I think this is a step in the right direction. I need to think through some of the access patterns a little more to understand how they fit in.

I really like the idea that you can implement one method to get an observation from a custom data structure, and all the iteration patterns come for free.

Thanks for taking this on... I'll review more thoroughly tomorrow I think.

On Apr 10, 2016, at 10:01 AM, Christof Stocker notifications@github.com wrote:

After a lot of experimenting I found a way to realize #3 that I think works.

Basically the way this would work is that a subtype of DataSampler is just a parameter specification container that has type-parameters for the types of the features and targets respectively. The actual magic is then generally in the implementation of the Base.next method, that can be completely customized to specific types of features and targets. It works for labeled and unlabelled data

Example:

for batch_X in MiniBatches(X; batchsize = 10)

... train unsupervised model on batch here ...

end

for (batch_X, batch_y) in MiniBatches(X, y; batchsize = 10)

... train supervised model on batch here ...

end Thus far I implemented a MiniBatches sampler such that it works out-of-the-box-for AbstractArrays by copying the elements, and for concrete Arrays by using sub/slice. (Note that I think the MiniBatches iterator by itself should not do any shuffling in my opinion).

Now to reiterate my point, the really cool think about this approach is I could now implement a concrete Base.next in my image augmentation package for a DirImageSource or any other custom data container, and the MiniBatches iterator would work the same way seamlessly.
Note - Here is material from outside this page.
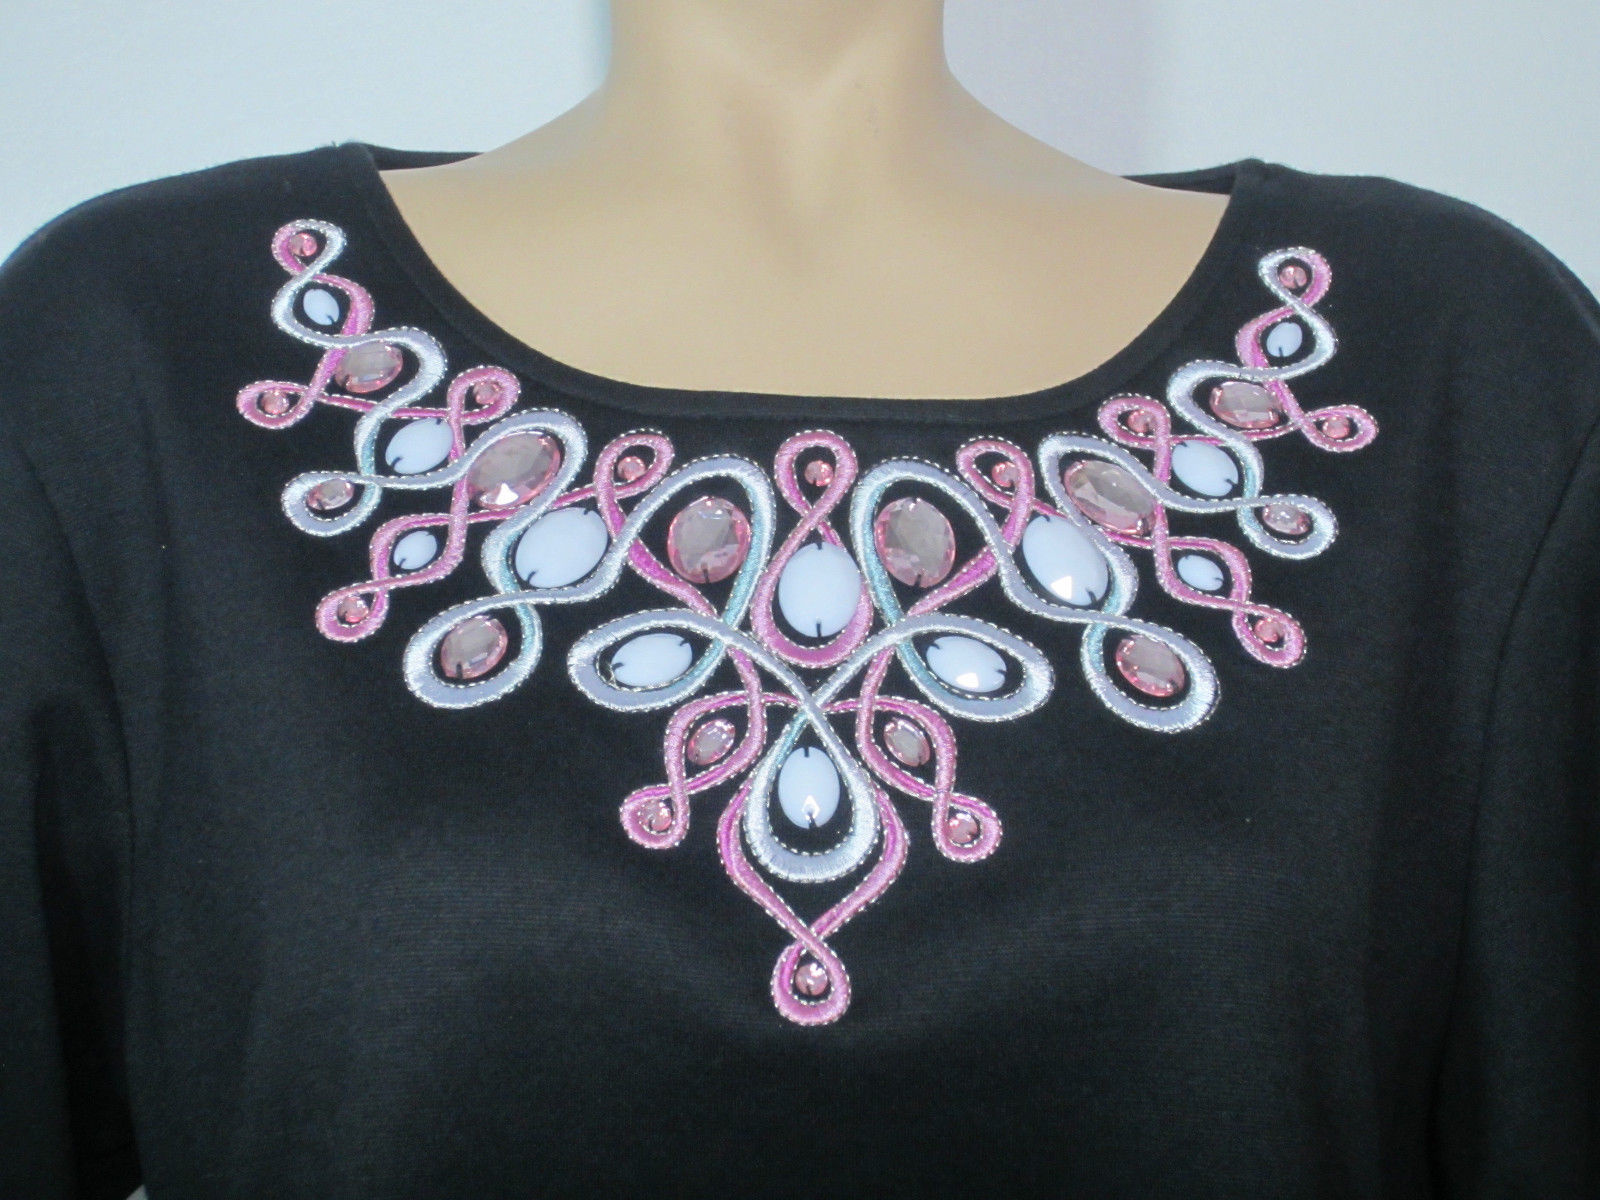 a42e2eabd0c551 Bob Mackie Wearable Art Women s Shirt Large and 50 similar items. 57

Thus the approach is easily extensible by any user-package.

This PR is not complete, but it is far enough to gather feedback. Thoughts?

You can view, comment on, or merge this pull request online at:

https://github.com/JuliaML/MLDataUtils.jl/pull/4

Commit Summary

refactor tests for BaseTestNext Outline DataSampler on example of MiniBatches File Changes

M src/MLDataUtils.jl (6) A src/samplers.jl (137) M test/REQUIRE (1) M test/runtests.jl (23) M test/tst_datasets.jl (73) M test/tst_feature_scaling.jl (65) M test/tst_noisy_function.jl (33) A test/tst_samplers.jl (190) Patch Links:

https://github.com/JuliaML/MLDataUtils.jl/pull/4.patch https://github.com/JuliaML/MLDataUtils.jl/pull/4.diff — You are receiving this because you are subscribed to this thread. Reply to this email directly or view it on GitHub

Evizero commented 8 years ago

One thing that could use a better name is the function getobs, which should return the specified observations in the most efficient manner possible

Evizero commented 8 years ago

Included basic docstring documentation for MiniBatches and the option to process the batches in a random order (without performance penalty). However, observations within a batch will still be adjacent to each other in general (for vectors an arrays), which is the desired behaviour. For cases in which even the batch content should be random I will implement a RandomSampler which will of course have performance penalty.
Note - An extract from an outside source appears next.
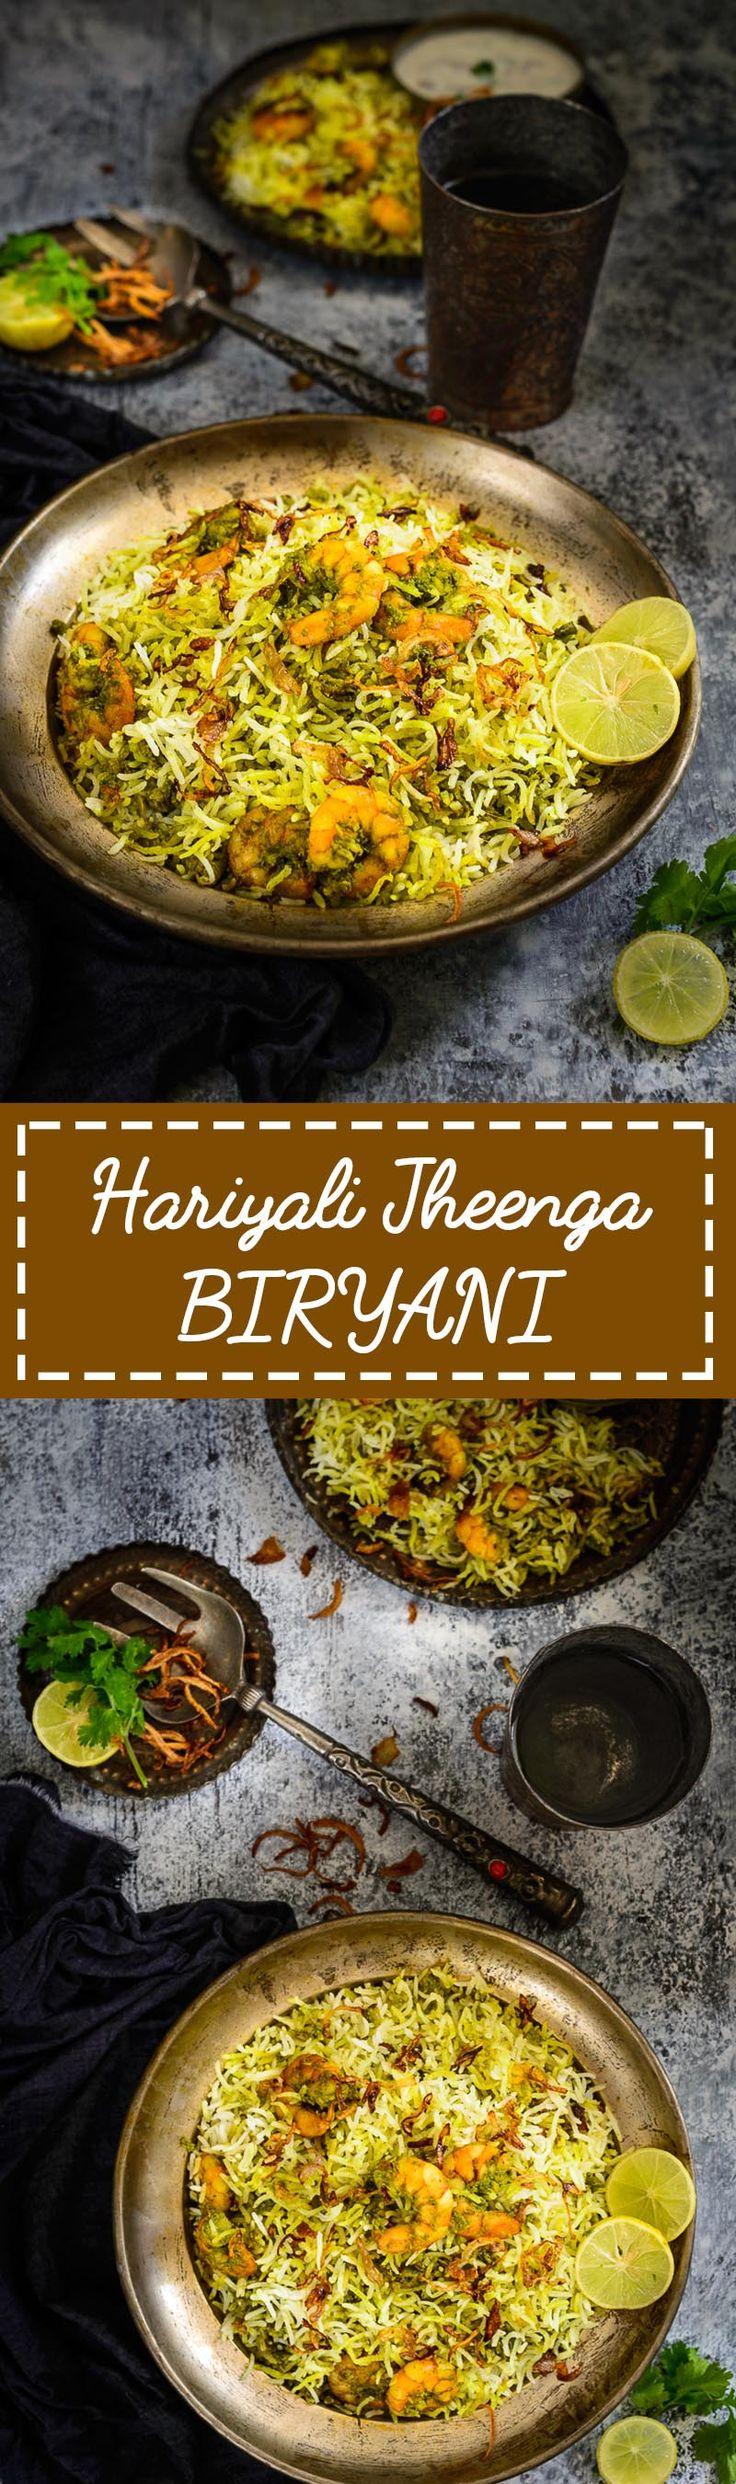 Hariyali Jheenga Biryani. Prawn biryani cooked in a  spicy green masala. Food Photography and styling by Neha Mathur.

for (batch_X, batch_y) in MiniBatches(X, y; random_order = true)
     # ... train supervised model on batch here ...
end
Evizero commented 8 years ago

Also note that MiniBatches will go through the data just once, effectively denoting an epoch. In other words it's purpose is to conveniently iterate over some dataset in equally-sized blocks, where the order in which those blocks are returned can be randomized.

Evizero commented 8 years ago

So at this point I have the implementation for MiniBatches and RandomSamples in place. Both of which have a detailed documentation in the code and also the README.
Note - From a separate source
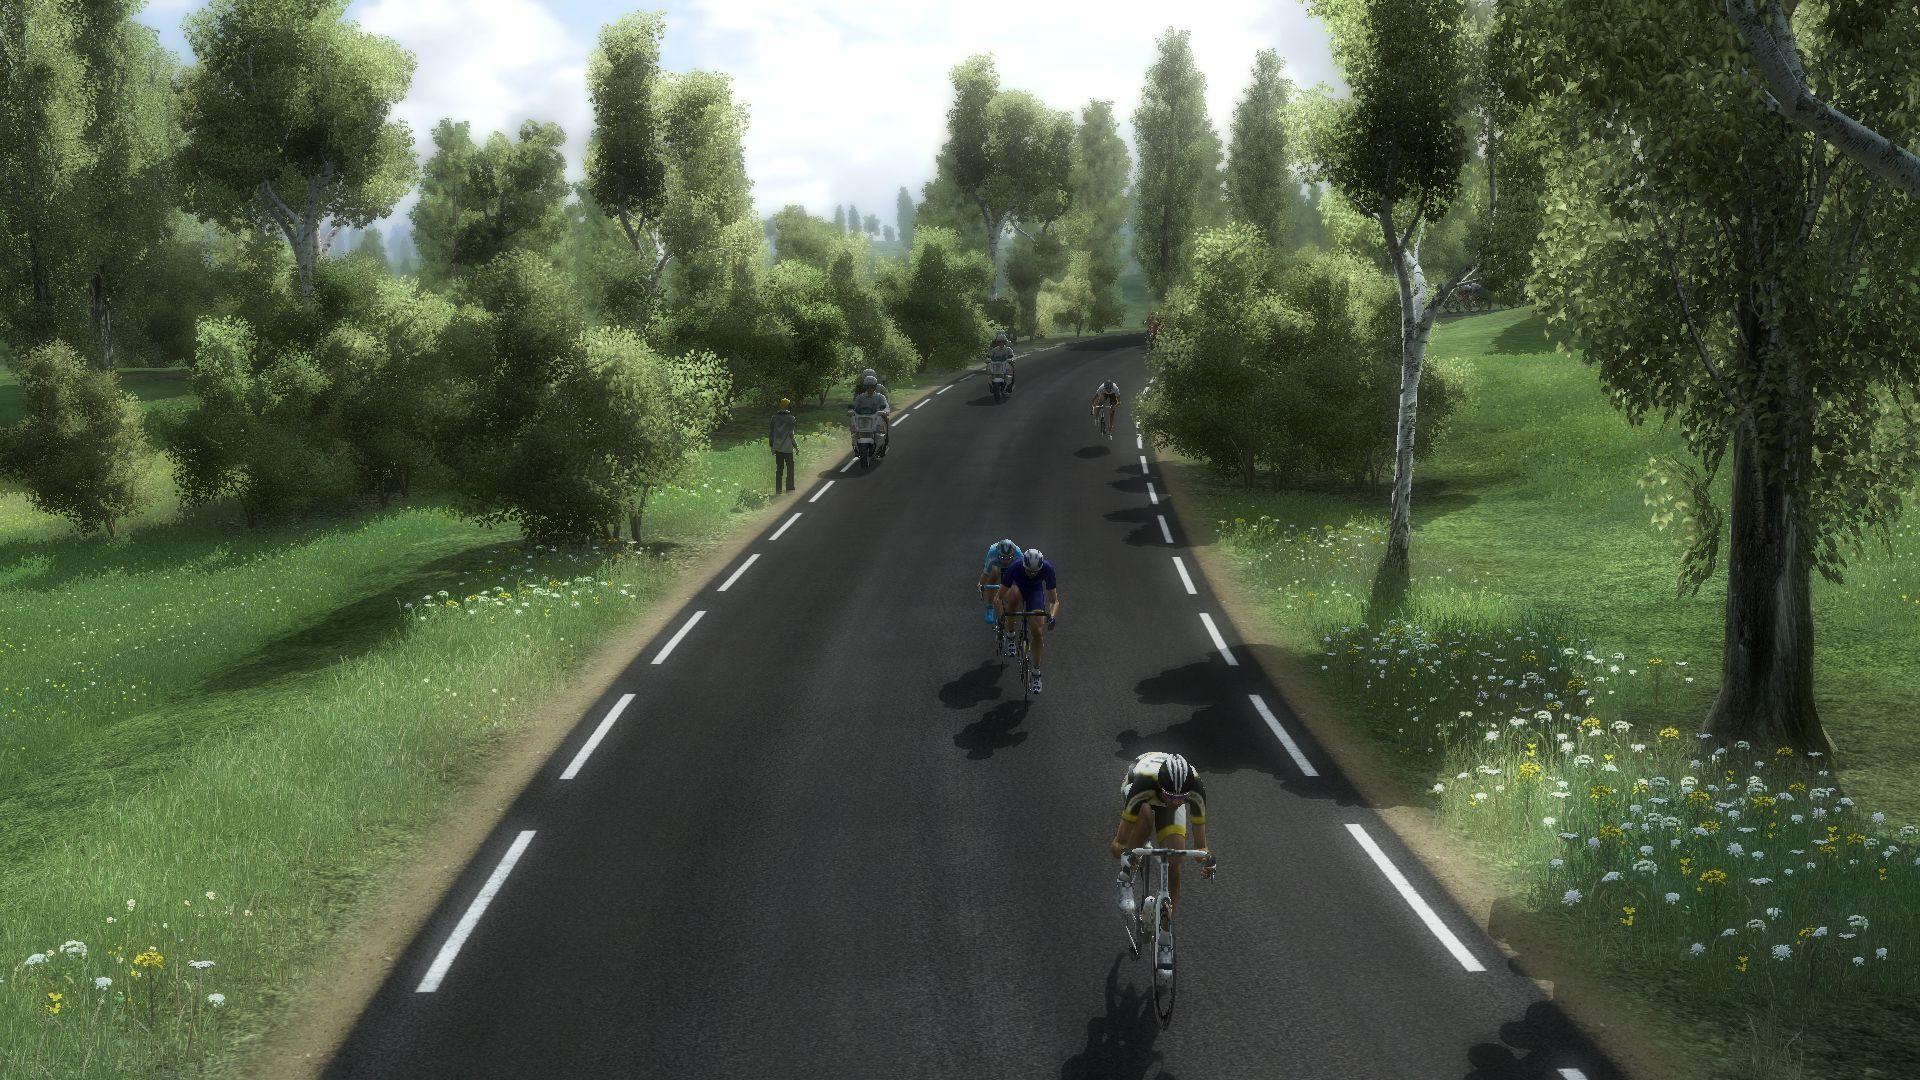 pcmdaily.com/images/mg/2017/Races/PT/TONE/TNES3%2017.jpg

I would be interested in opinions on what there is so far.

tbreloff commented 8 years ago

:100: This looks great!

Evizero commented 8 years ago

I am getting close to a consistent state. Unless there are any complaints or wishes, then all that is left to do for me before I feel comfortable merging and tagging this PR is some code optimization.

The first two sections of the readme (which describes this PR in detail) is pretty much done at this point https://github.com/JuliaML/MLDataUtils.jl/tree/datasampler

tbreloff commented 8 years ago

Documentation looks great. Very nice work! I think it looks merge-ready.